La tormenta infinita: un mundo cubierto de nieve.

La nevada era espantosa. Los caminos estaban bloqueados — imposible caminar o transitar en coche. La puerta del portal no se abría: completamente sepultada bajo tres metros de nieve, ni siquiera podía despejarse. Al fin y al cabo, no era una ciudad del norte, y las casas no estaban preparadas para tales caprichos de la naturaleza.

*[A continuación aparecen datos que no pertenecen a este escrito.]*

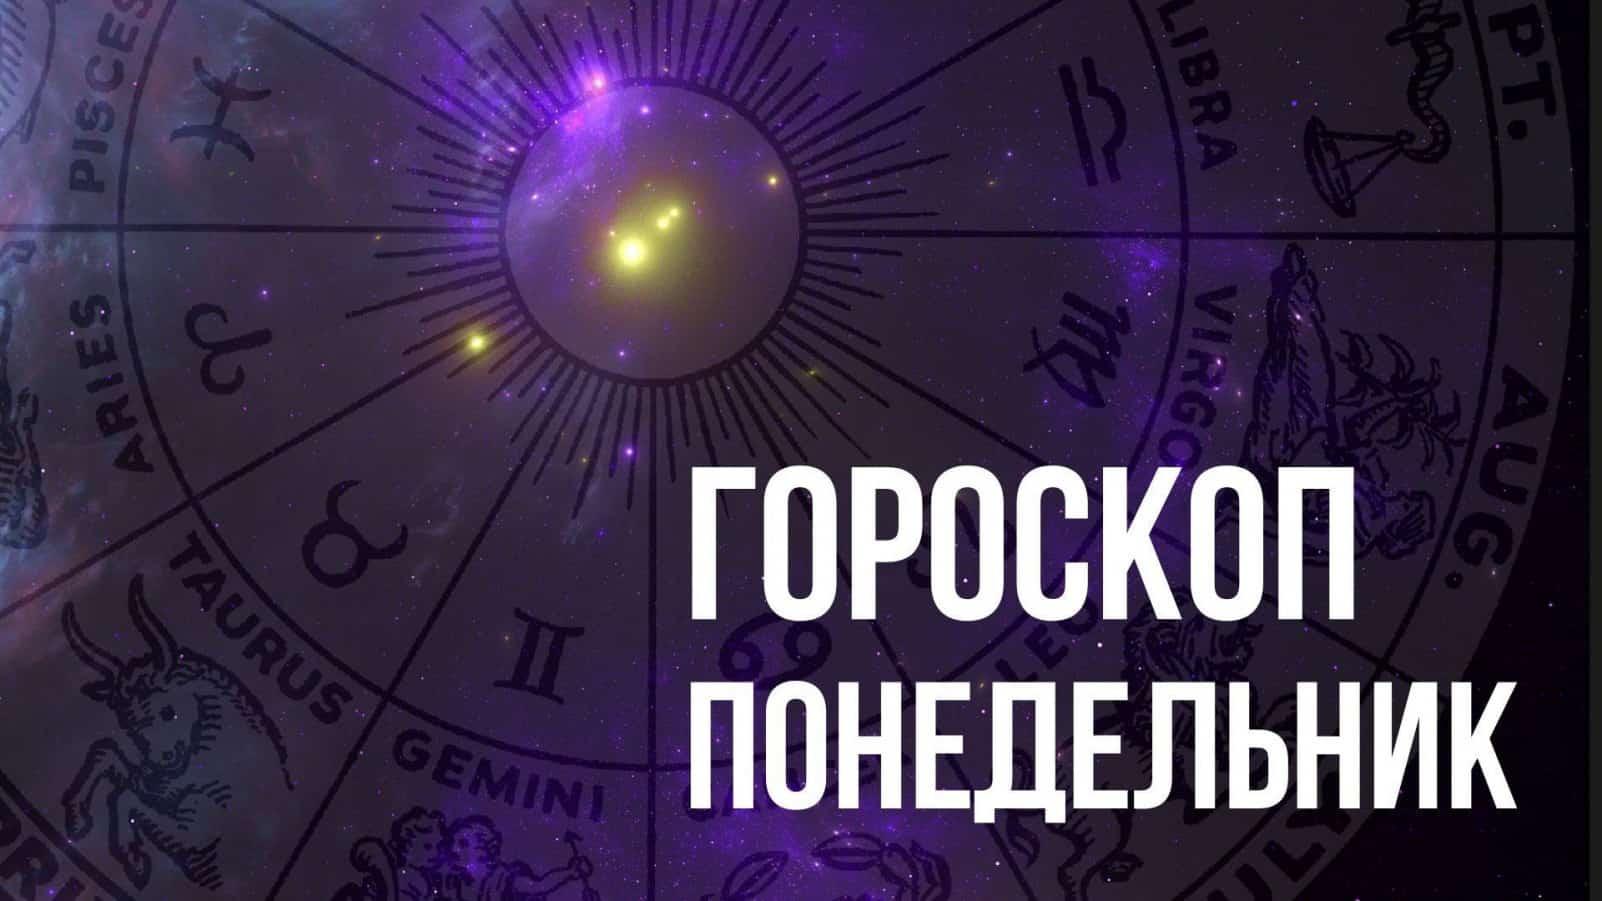 Гороскоп на понедельник 20 сентября для каждого знака Зодиака

En fin, un auténtico desastre, sin bromas.

Y esa misma noche, el padre de Lucía agonizaba.

Un derrame cerebral. Ni ambulancias ni rescates podían llegar. Solo ella, una joven neuróloga, y un pequeño botiquín casero con medicinas e instrumentos.

Su padre había caído en la cocina, mientras ponía la tetera al fuego. Lucía no vio cómo ocurrió, pero reconocer un ictus era tarea de primer año de carrera. Para ella, identificar una apoplejía fue sencillo. Supo de inmediato que, sin hospital, su padre no aguantaría hasta el amanecer.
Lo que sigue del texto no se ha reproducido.